**RECORDED DATA:**
⟨

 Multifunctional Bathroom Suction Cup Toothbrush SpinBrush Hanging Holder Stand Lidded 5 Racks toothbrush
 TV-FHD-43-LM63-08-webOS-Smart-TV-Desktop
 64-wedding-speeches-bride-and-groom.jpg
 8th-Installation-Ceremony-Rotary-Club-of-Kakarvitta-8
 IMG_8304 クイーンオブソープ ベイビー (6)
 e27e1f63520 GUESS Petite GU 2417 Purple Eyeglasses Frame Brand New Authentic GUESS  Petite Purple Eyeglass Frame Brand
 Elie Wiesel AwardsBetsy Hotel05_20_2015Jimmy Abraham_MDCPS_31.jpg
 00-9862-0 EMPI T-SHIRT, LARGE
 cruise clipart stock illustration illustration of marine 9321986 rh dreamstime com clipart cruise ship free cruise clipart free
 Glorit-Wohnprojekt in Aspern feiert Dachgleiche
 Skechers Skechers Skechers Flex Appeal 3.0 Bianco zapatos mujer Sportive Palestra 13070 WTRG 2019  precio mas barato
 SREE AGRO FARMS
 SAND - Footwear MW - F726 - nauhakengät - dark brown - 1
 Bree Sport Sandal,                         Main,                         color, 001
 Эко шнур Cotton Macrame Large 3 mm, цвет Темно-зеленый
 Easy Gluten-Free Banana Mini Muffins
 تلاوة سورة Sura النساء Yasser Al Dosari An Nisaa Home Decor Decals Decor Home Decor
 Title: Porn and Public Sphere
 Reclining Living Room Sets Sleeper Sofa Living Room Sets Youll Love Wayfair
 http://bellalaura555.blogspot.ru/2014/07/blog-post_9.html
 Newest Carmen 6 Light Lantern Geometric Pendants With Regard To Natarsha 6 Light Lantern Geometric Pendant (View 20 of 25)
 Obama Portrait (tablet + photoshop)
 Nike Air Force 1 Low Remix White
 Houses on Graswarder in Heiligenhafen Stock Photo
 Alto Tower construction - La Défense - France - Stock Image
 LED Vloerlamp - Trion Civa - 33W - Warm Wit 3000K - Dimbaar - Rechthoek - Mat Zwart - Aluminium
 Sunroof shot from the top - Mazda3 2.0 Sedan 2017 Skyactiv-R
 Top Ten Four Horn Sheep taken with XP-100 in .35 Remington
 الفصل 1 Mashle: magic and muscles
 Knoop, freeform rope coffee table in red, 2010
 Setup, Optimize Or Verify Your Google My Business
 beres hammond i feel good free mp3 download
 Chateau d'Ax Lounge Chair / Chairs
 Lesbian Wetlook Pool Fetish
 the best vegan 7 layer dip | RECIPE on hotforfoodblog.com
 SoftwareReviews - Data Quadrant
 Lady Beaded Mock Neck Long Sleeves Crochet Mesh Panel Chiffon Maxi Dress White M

⟩

**ASSIGNMENT:**
Beginning with the very first line of the material above, give each line again exactly, ending with the line that contains "IMG_8304 クイーンオブソープ ベイビー (6)".

**RESPONSE TO THE TASK:**
 Multifunctional Bathroom Suction Cup Toothbrush SpinBrush Hanging Holder Stand Lidded 5 Racks toothbrush
 TV-FHD-43-LM63-08-webOS-Smart-TV-Desktop
 64-wedding-speeches-bride-and-groom.jpg
 8th-Installation-Ceremony-Rotary-Club-of-Kakarvitta-8
 IMG_8304 クイーンオブソープ ベイビー (6)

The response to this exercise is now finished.